=== Dataset records ===
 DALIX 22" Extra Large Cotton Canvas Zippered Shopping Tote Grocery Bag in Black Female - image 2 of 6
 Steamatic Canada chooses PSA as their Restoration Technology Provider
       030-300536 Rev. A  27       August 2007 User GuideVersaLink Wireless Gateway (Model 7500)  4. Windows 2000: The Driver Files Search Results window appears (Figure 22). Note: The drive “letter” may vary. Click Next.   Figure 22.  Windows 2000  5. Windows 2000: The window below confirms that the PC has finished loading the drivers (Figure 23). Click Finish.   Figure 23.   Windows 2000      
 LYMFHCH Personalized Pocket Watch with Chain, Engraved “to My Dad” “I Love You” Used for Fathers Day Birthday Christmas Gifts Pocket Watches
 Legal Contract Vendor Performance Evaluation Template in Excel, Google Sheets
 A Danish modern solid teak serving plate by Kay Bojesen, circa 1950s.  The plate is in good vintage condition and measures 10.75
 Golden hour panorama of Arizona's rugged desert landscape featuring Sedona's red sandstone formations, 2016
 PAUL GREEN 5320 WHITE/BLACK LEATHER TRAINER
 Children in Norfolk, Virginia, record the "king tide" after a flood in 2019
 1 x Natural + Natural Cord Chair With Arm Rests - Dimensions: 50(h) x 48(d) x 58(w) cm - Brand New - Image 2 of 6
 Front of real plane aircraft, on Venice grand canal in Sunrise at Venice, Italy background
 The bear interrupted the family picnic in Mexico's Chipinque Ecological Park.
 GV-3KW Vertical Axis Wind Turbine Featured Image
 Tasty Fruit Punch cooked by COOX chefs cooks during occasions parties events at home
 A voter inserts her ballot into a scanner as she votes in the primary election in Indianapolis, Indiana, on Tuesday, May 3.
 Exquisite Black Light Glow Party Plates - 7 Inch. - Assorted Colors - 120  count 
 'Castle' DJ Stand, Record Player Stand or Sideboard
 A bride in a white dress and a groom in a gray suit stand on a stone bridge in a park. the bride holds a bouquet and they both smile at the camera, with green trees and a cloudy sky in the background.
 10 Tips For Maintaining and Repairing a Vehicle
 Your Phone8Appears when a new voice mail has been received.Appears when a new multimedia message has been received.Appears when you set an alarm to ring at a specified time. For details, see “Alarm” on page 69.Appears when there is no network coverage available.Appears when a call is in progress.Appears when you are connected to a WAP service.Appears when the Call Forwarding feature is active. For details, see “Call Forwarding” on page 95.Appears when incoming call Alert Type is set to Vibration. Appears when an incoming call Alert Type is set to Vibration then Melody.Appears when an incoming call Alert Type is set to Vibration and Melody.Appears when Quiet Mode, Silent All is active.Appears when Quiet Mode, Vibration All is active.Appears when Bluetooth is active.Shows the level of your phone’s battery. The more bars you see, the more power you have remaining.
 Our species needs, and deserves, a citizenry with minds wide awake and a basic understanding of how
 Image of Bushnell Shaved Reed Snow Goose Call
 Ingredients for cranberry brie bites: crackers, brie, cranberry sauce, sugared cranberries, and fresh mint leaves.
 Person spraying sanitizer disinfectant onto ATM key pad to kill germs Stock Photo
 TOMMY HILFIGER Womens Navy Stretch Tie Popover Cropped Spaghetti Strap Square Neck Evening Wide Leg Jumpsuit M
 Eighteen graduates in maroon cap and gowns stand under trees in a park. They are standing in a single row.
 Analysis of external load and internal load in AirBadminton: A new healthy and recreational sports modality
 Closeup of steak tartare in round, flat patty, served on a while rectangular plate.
===
**Work order:** State how many lines of the material above contain the word "background". Say nothing else.

**Reply to the exercise:** 2